Reasoning Levels
Some Orchard model profiles support native thinking. For those models, reasoning effort controls how much work the model can spend before answering.
Effort Values
| Effort | Use it for |
|---|---|
minimal |
Fast classification, extraction, or routing |
low |
Simple Q&A and short transformations |
medium |
Normal analysis and planning |
high |
Difficult reasoning, code, math, or tool plans |
Passing reasoning=True uses medium.
Responses API
from orchard.engine.inference_engine import InferenceEngine
MODEL = "google/gemma-4-E2B-it"
with InferenceEngine(load_models=[MODEL]) as engine:
client = engine.client()
response = client.responses(
MODEL,
input="Solve this carefully: if a train leaves at noon...",
reasoning={"effort": "high"},
temperature=0.0,
max_output_tokens=256,
)
print(response.output_text)
You can also pass an effort string:
response = client.responses(
MODEL,
input="Classify this message.",
reasoning="minimal",
max_output_tokens=32,
)
Direct Chat Client
For direct chat calls, pass reasoning_effort.
response = client.chat(
MODEL,
[{"role": "user", "content": "Plan a small database migration."}],
reasoning_effort="medium",
temperature=0.0,
max_generated_tokens=256,
)
HTTP
curl http://127.0.0.1:8000/v1/responses \
-H "Content-Type: application/json" \
-d '{
"model": "google/gemma-4-E2B-it",
"input": "Plan a small database migration.",
"reasoning": {"effort": "medium"},
"temperature": 0.0,
"max_output_tokens": 256
}'
Streaming Reasoning Events
Responses streams can include reasoning events when the model emits reasoning content.

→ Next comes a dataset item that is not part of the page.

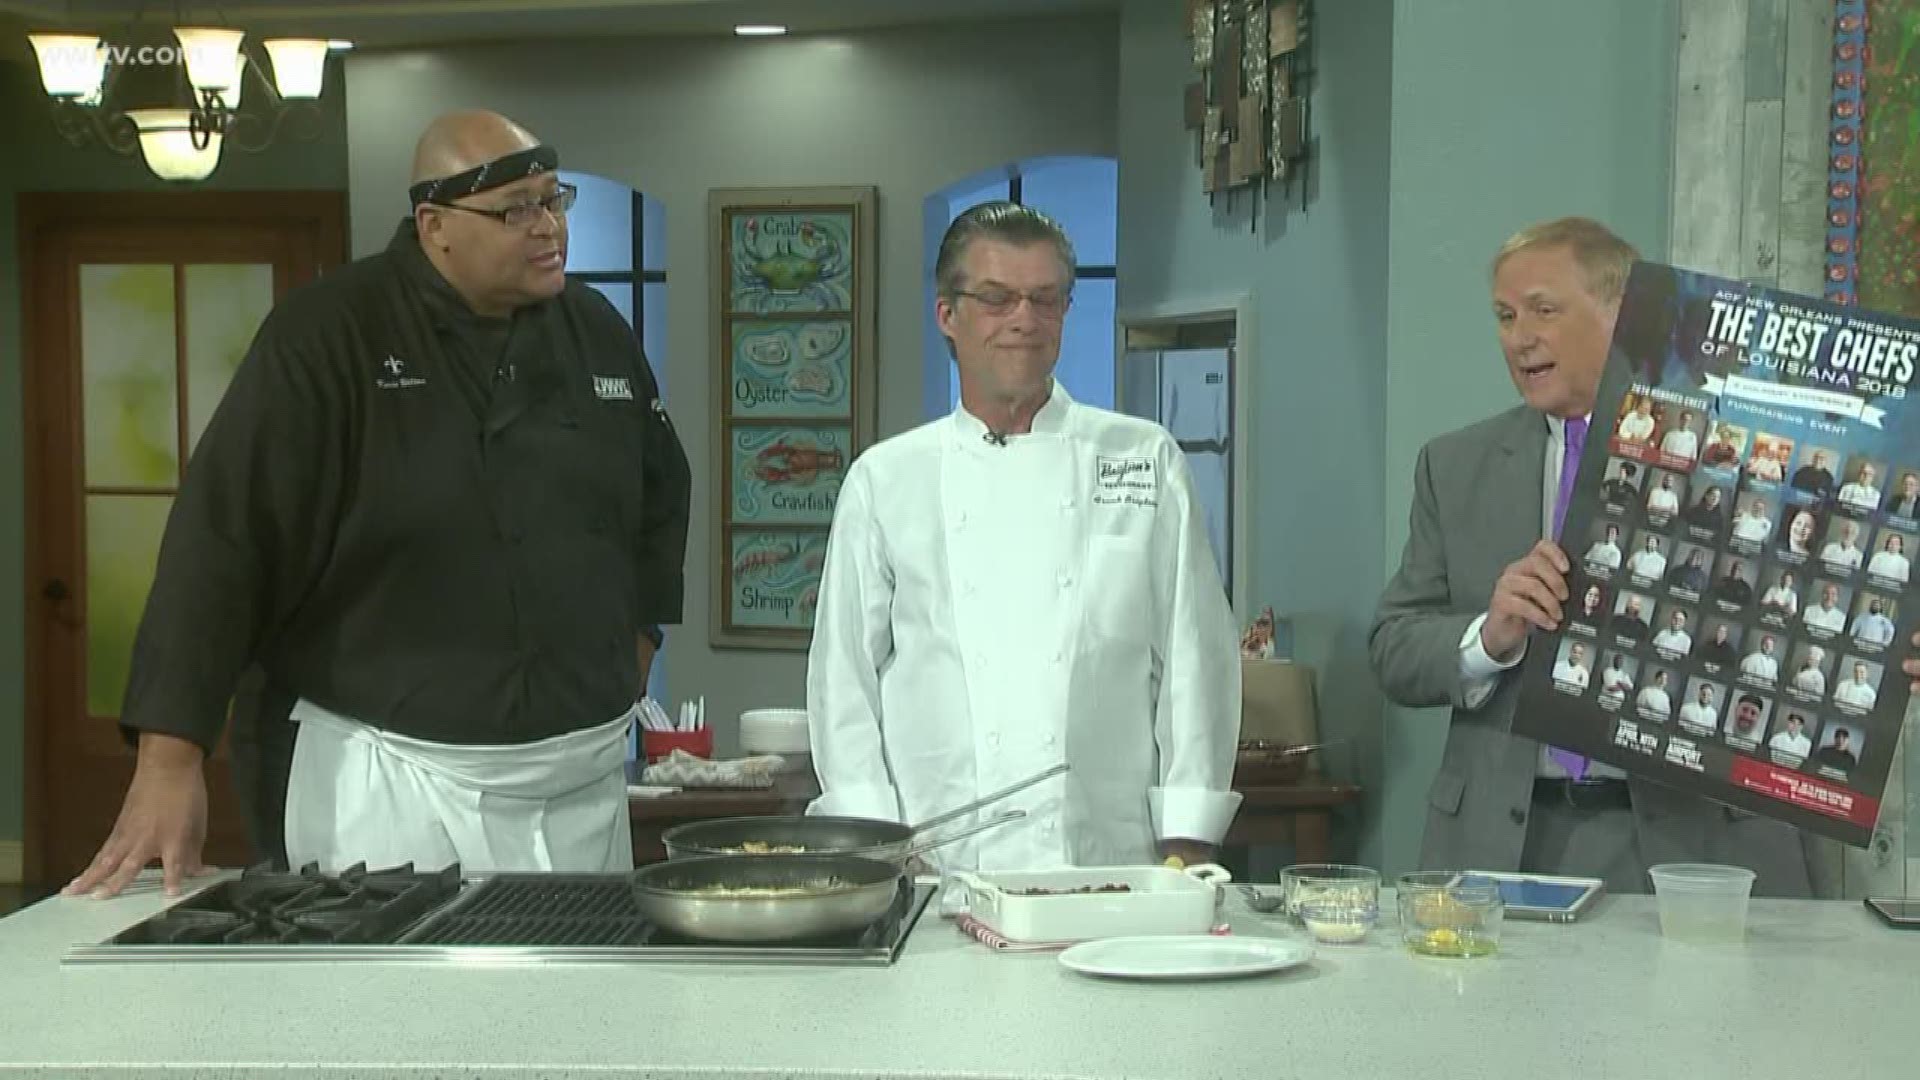 We are in the kitchen with Chef Kevin Belton and Chef Frank Brigtsen because they are among the chefs being honored at the American Culinary Foundation New Orleans Chapter's Best Chefs Event. 
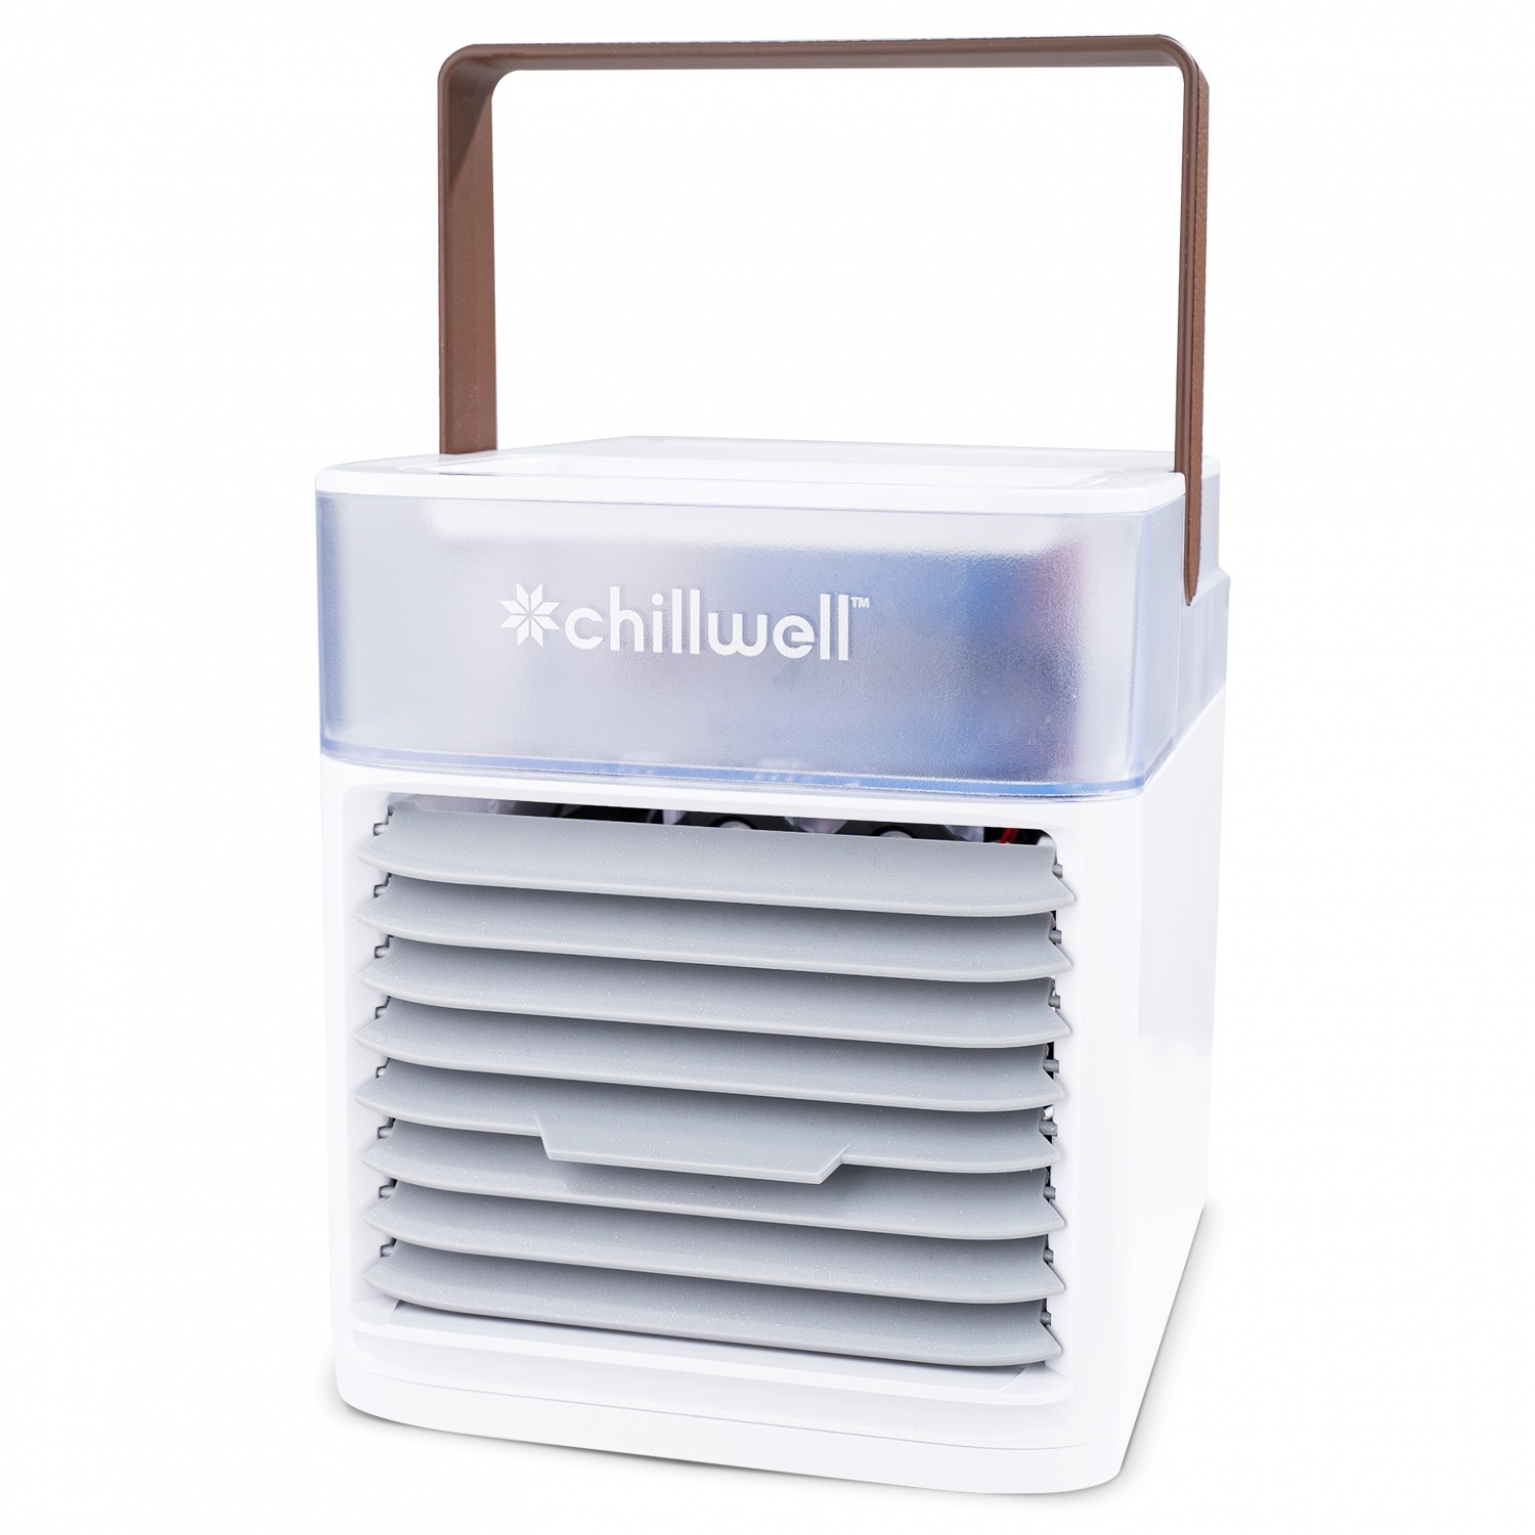 Chillwell Ac Free Delivery

events = client.responses(
MODEL,
input="Think through a migration plan.",
reasoning={"effort": "high"},
stream=True,
max_output_tokens=256,
)
for event in events:
if event.type == "response.reasoning.delta":
print("[reasoning]", event.delta)
elif event.type == "response.output_text.delta":
print(event.delta, end="", flush=True)
If a model profile does not support native thinking, Orchard runs the request as a normal generation request.